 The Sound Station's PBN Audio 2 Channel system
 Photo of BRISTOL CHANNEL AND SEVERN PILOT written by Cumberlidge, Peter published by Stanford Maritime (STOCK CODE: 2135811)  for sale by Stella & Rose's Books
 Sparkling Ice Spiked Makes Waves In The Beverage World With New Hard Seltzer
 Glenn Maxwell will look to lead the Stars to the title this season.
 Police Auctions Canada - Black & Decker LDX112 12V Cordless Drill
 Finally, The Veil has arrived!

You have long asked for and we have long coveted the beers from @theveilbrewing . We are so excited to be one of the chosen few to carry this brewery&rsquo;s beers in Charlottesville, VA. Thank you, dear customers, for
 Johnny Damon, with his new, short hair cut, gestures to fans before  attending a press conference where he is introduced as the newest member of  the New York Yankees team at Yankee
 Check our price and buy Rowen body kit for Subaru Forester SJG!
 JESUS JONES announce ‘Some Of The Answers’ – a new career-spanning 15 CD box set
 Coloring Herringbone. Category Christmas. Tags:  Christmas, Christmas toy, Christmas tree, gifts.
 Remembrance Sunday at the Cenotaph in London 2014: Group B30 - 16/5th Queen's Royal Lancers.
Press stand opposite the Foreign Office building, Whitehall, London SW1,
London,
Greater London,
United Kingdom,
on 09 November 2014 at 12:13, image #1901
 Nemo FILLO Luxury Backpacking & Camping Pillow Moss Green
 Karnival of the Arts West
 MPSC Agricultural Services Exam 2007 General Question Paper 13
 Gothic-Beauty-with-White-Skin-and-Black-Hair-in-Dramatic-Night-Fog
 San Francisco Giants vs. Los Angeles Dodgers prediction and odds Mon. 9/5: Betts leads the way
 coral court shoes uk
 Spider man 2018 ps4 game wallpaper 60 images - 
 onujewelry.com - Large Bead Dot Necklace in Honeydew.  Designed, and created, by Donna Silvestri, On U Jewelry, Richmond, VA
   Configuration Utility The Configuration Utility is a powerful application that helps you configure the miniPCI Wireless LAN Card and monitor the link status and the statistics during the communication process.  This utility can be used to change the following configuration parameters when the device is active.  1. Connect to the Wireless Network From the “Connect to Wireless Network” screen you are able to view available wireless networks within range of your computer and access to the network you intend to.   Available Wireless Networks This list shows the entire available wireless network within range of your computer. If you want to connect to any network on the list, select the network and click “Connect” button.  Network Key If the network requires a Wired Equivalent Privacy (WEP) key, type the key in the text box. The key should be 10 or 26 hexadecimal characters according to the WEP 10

- - - - -

#### PROBLEM DESCRIPTION
Count each line of the material above that holds the word "Black", and state the total with no other text.

#### RESPONSE AREA
2